# Management Fee:Average Price for 3 Bed, Groun floor apt. of just over 1000 sq. feet?



## tolkarovers (13 Apr 2005)

Hi,
I'm looking to find out what the average price people are paying as a management fee for a 3 Bed, Groun floor apt. of just over 1000 sq. feet?
I'm paying 1500 - but that includes gym access for residents.
The property near the Phoenix park (about 20 mins on train to town).
Thanks,
Tolka


----------



## AKA (13 Apr 2005)

*Re: Management Fee*

Been to visit quite a few new apts in Dublin in last while and the avg has been €1000 + for a two bed without gym access.

And there seems to be management in most new housing estates even where there are no apartments or grounds to keep...Why is there a management fee for houses in new housing estates?  Why is the County Council not doing this work?

i.e. if there are two estates in the same village in Co. Meath, one new, one old...the new estates have to pay fees and the old ones don't?
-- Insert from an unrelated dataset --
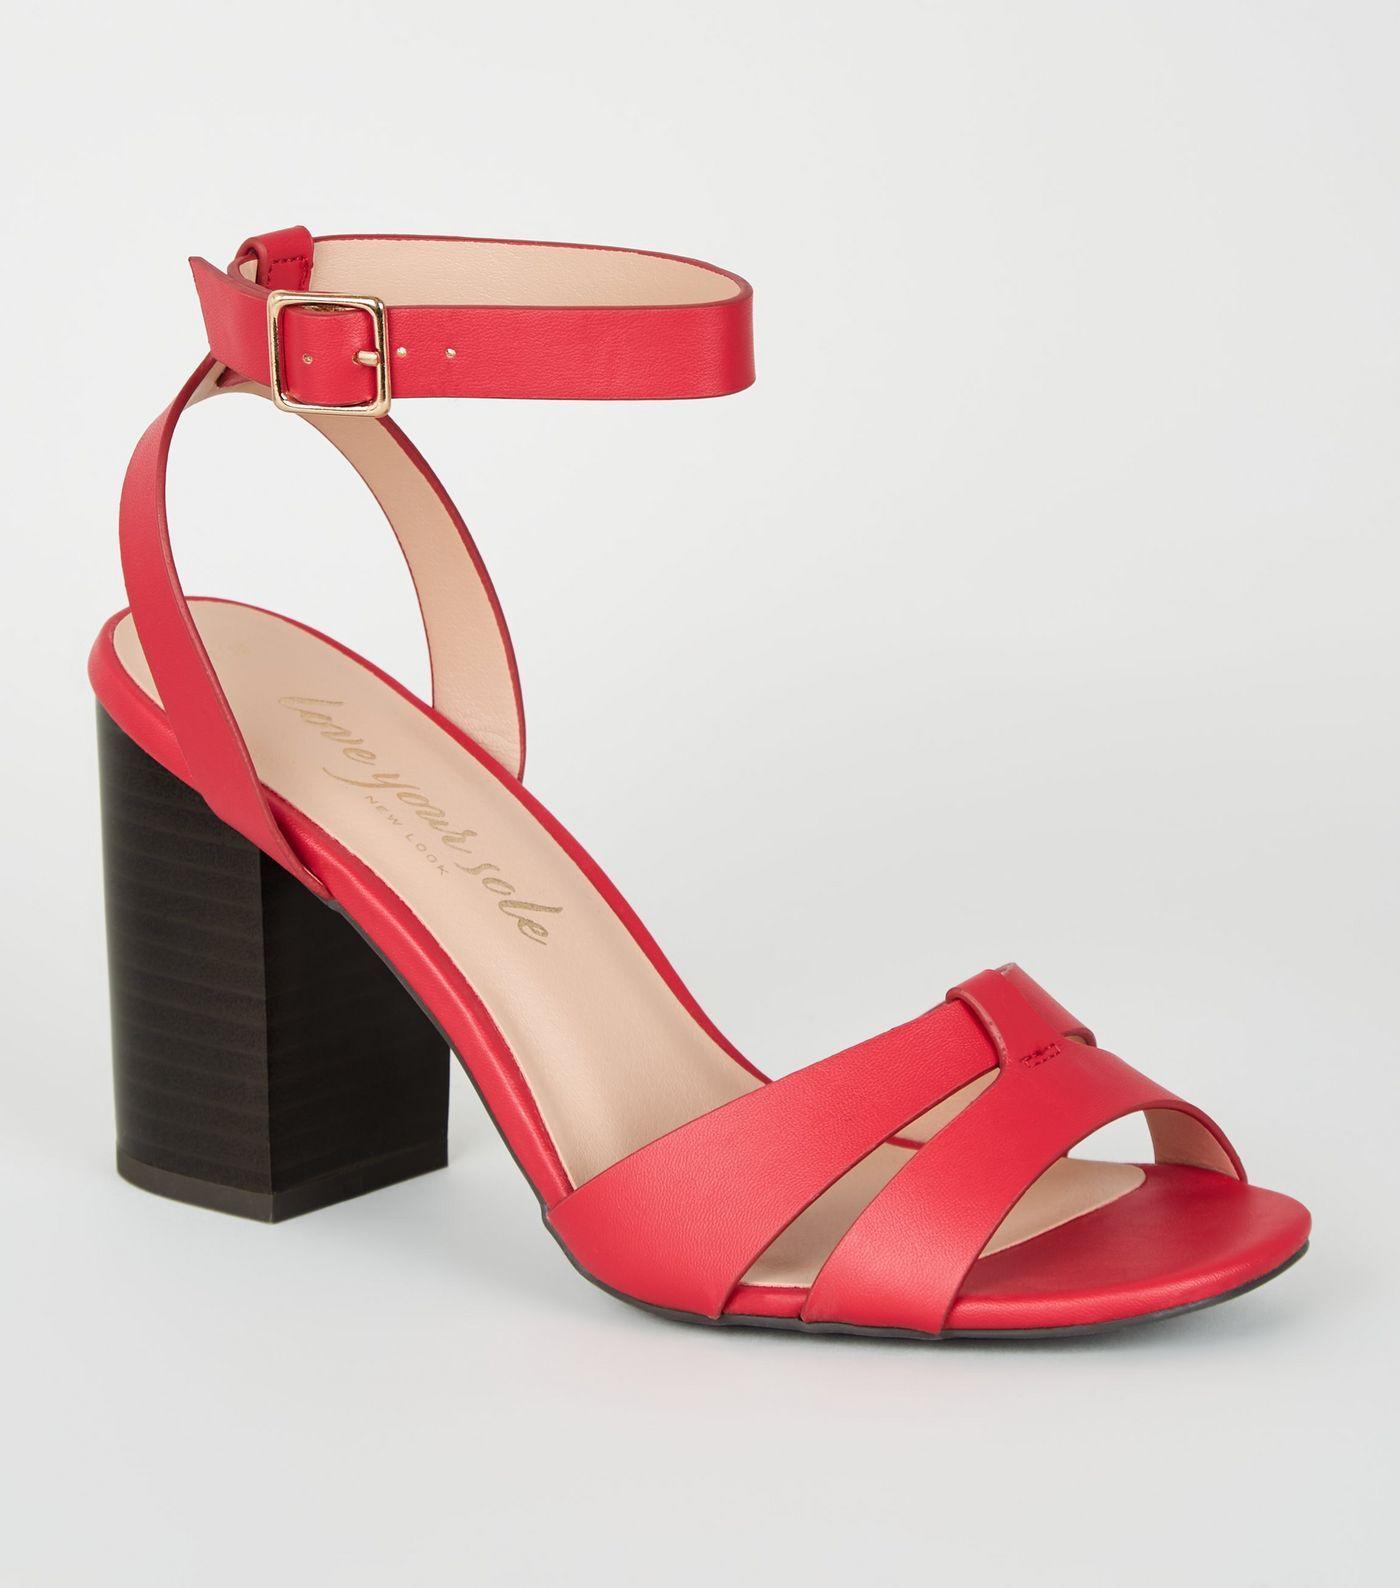 Red Leather Look 2 Part Block Heels | Footware in 2019 | Red

Doesn't seem very fair and it is usually a few hundred per year.  We are all paying taxes that should be used to fund this or every estate should pay for it.

Anyone know why this is?


----------



## MOB (13 Apr 2005)

*Re: Management Fee*

"We are all paying taxes that should be used to fund this or every estate should pay for it.

Anyone know why this is?"

In some estates, the setting up of a management company is agreed as part of the planning process.  However, the main reason it became common is that developers for years were fed up waiting for the council to take over estates, long after they were finished out, so the management company represents a way for the builder to hand over responsibility.  In fairness, once a developer has finished out all work to an acceptable standard, there is no reason he\she should have an open ended maintenance responsibility.   Also, many developments are mixed and include some apartments (for which a management company is a necessity), so once it is there, why not use it seems to be the attitude.


----------



## Unregistered (13 Apr 2005)

*Re: Management Fee*

Tyrrelstown, Dublin 15 - 1,100 for two bed 800 sq feet.  No gym


----------



## tiger (14 Apr 2005)

There's quite a long thread on management fees and management companies on boards.ie in the accomodation section (I think, sorry blocked from work so can't post a link).


----------